| Stored data |
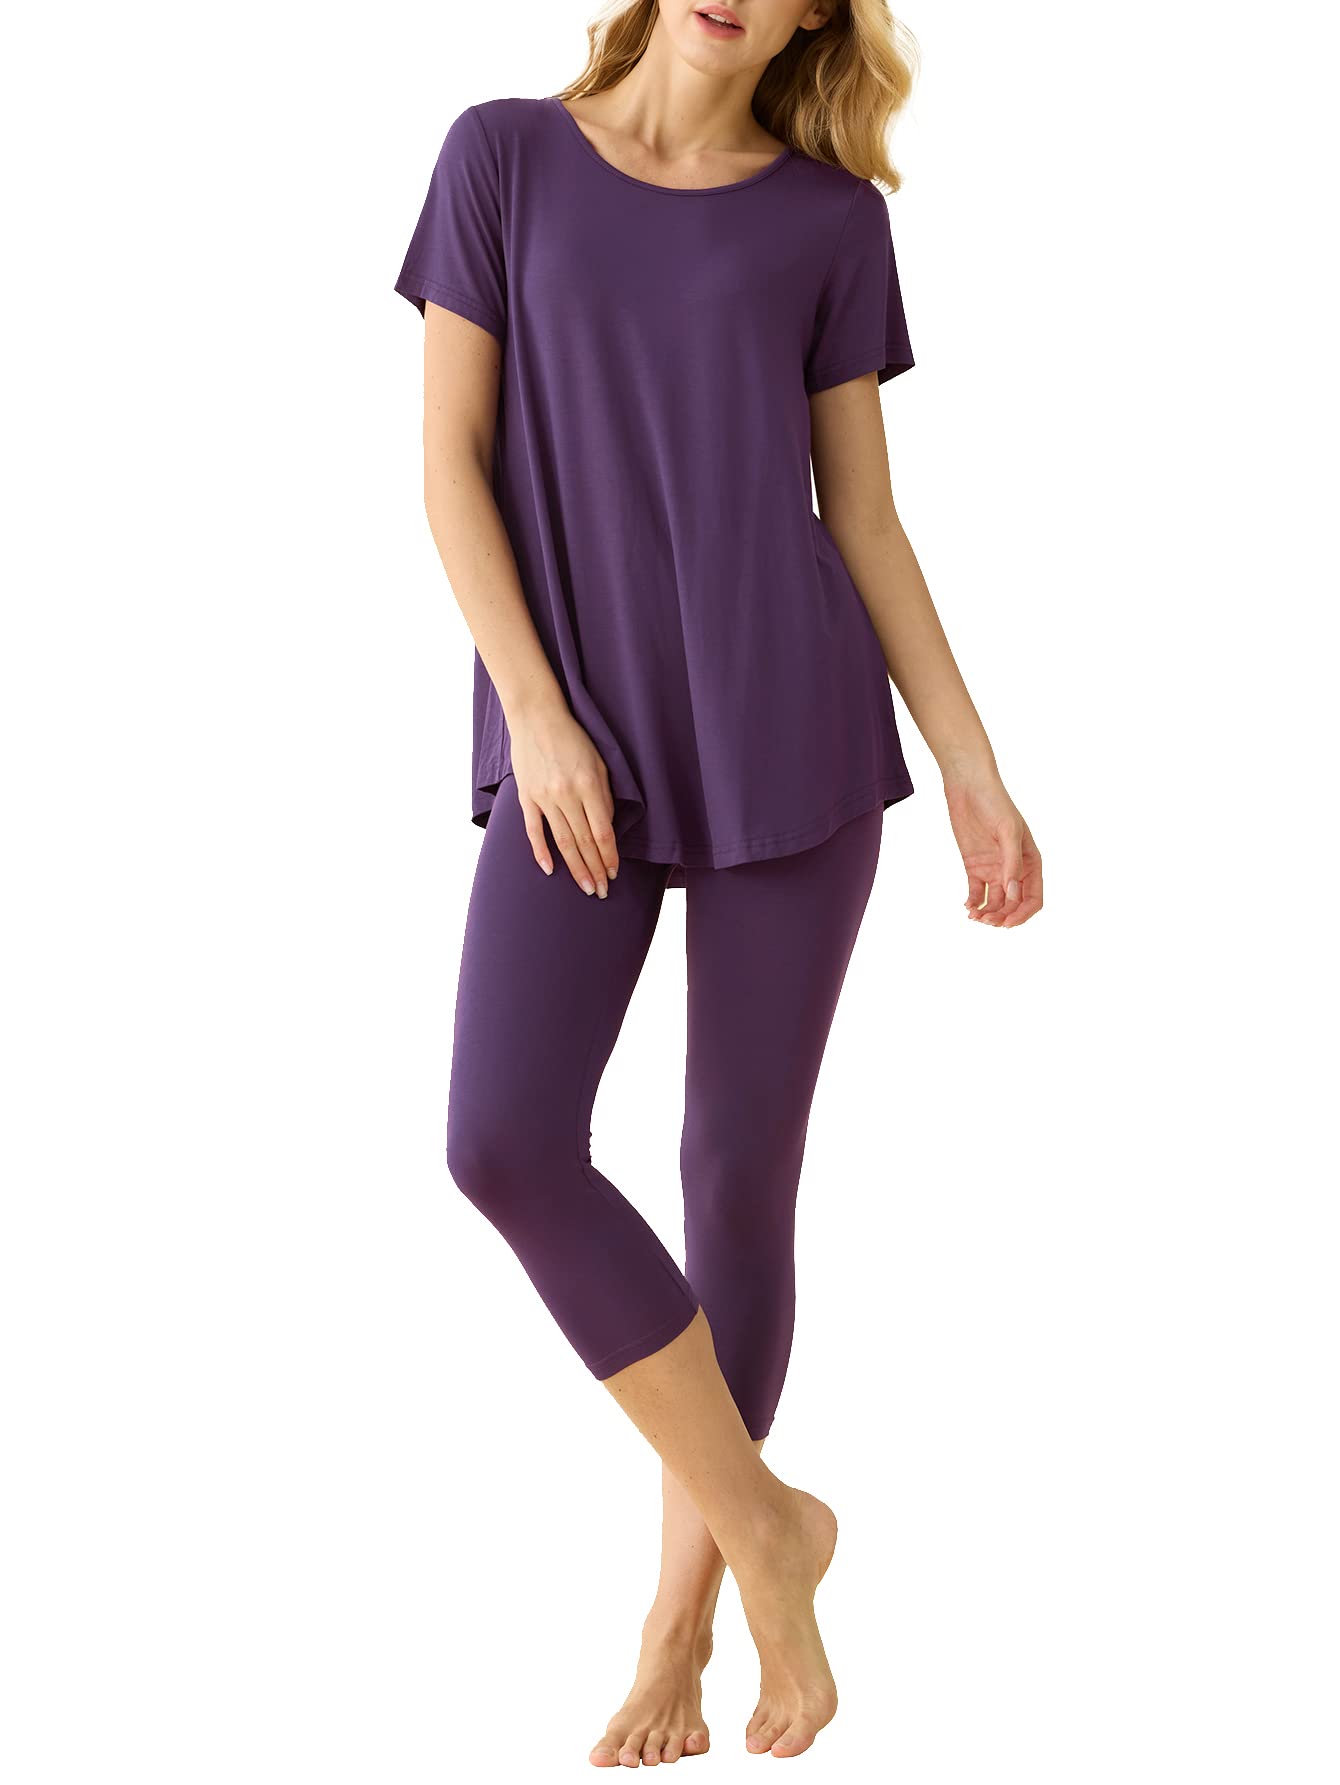 GAIAM Yoga Pants Tank Top Set PJs Pajamas Lavender Lace XL/SM
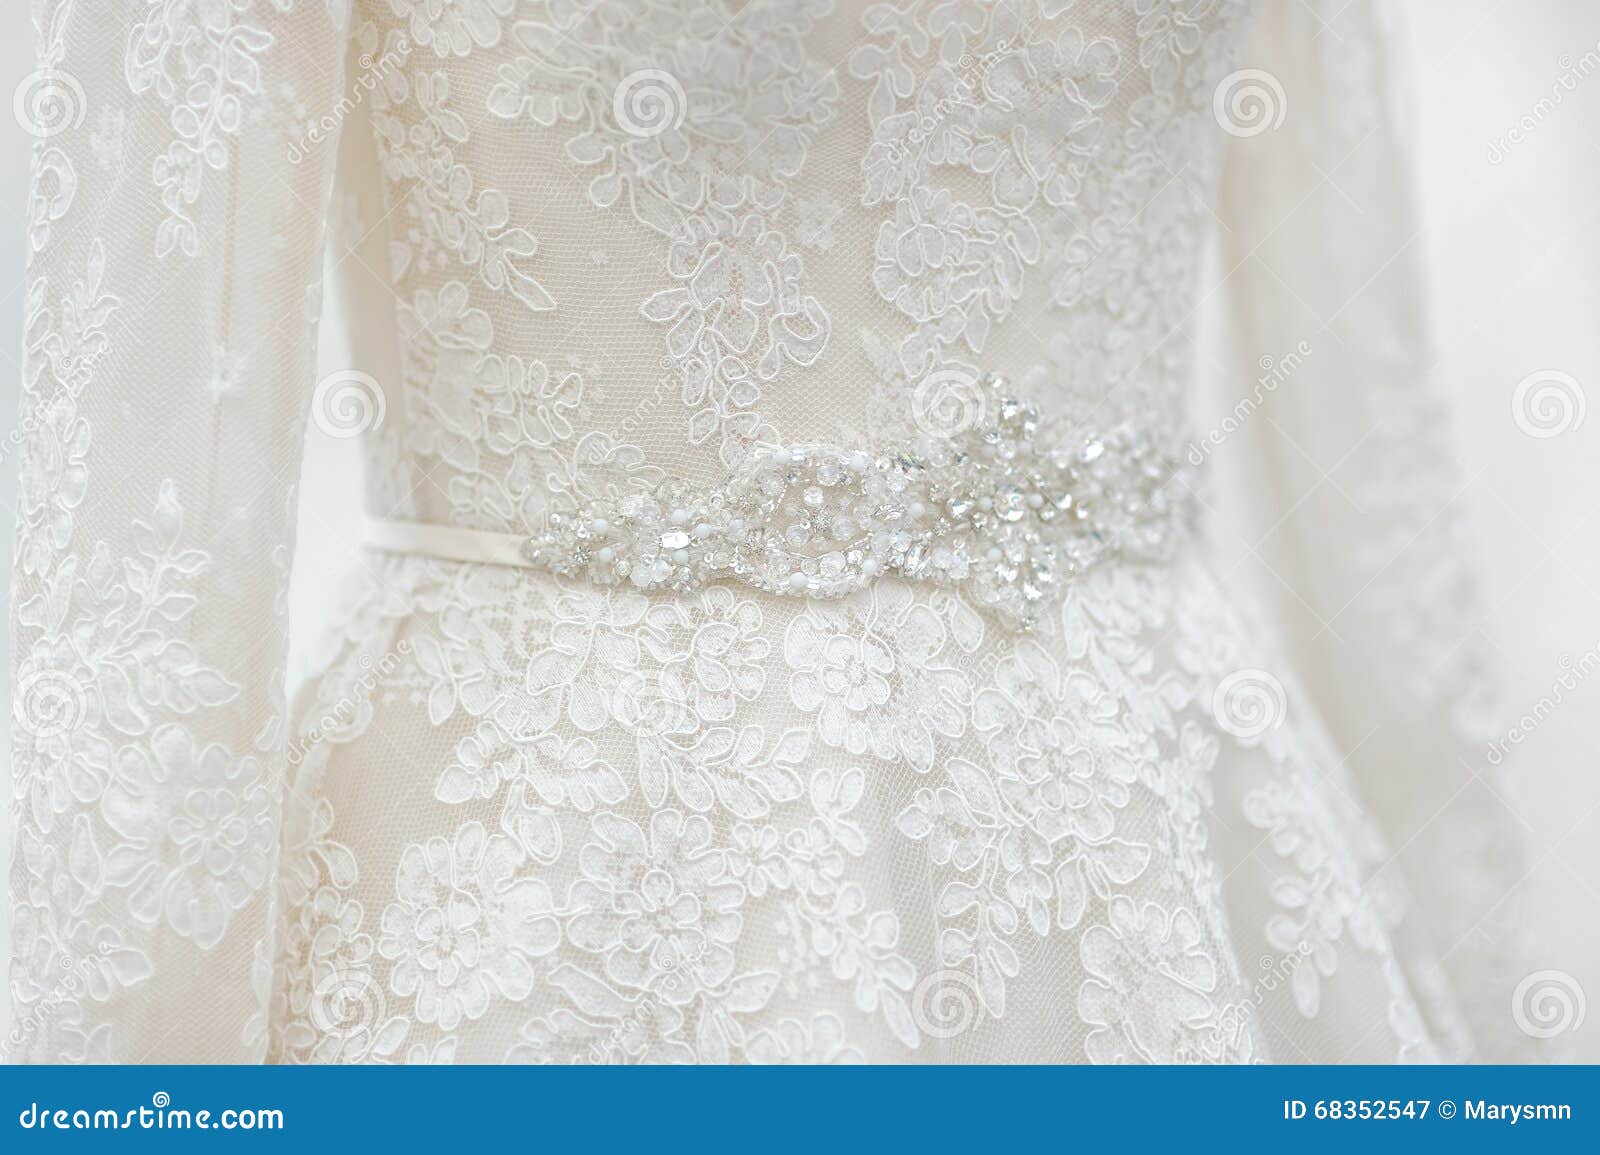 Wedding dress close up stock image. Image of ceremony - 68352547
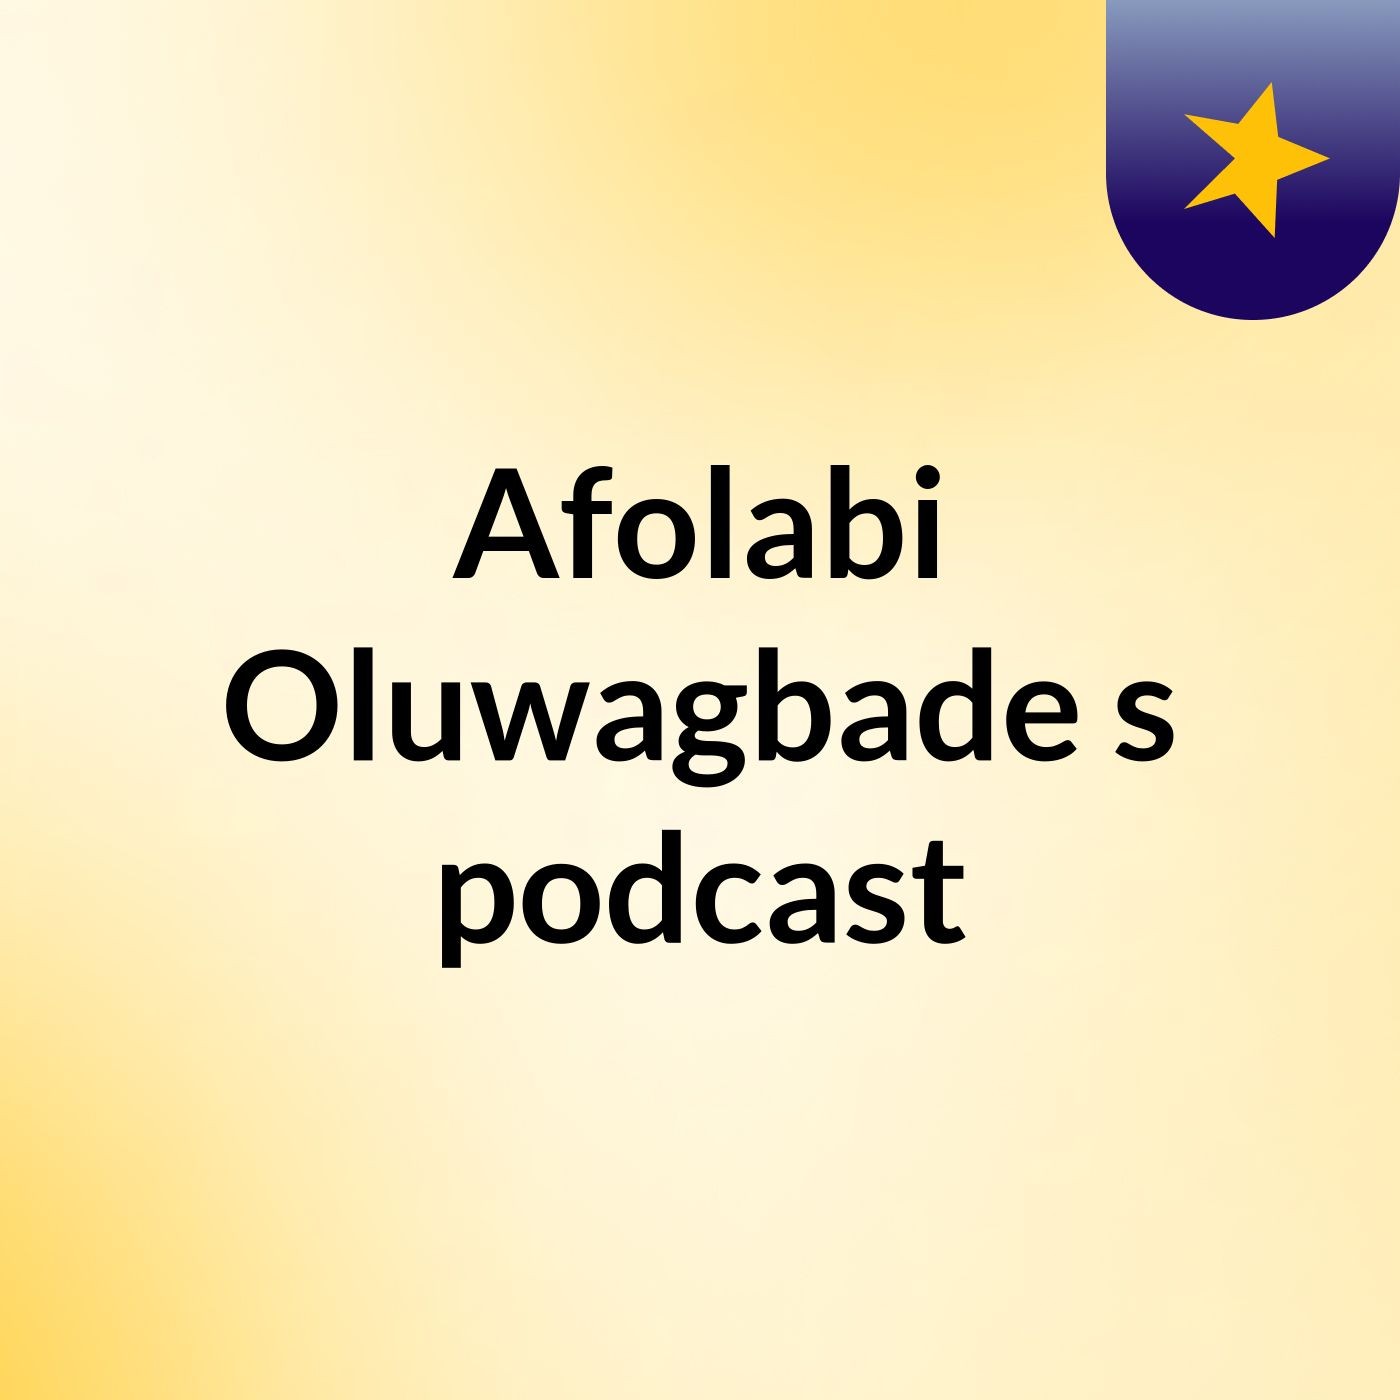 Afolabi Oluwagbade's podcast

| Assigned task |
Starting with the line that contains "Wedding dress close", copy every line word for word through the end of the listing above, but leave out the pictures.

| Solution to this exercise |
 Wedding dress close up stock image. Image of ceremony - 68352547
 Afolabi Oluwagbade's podcast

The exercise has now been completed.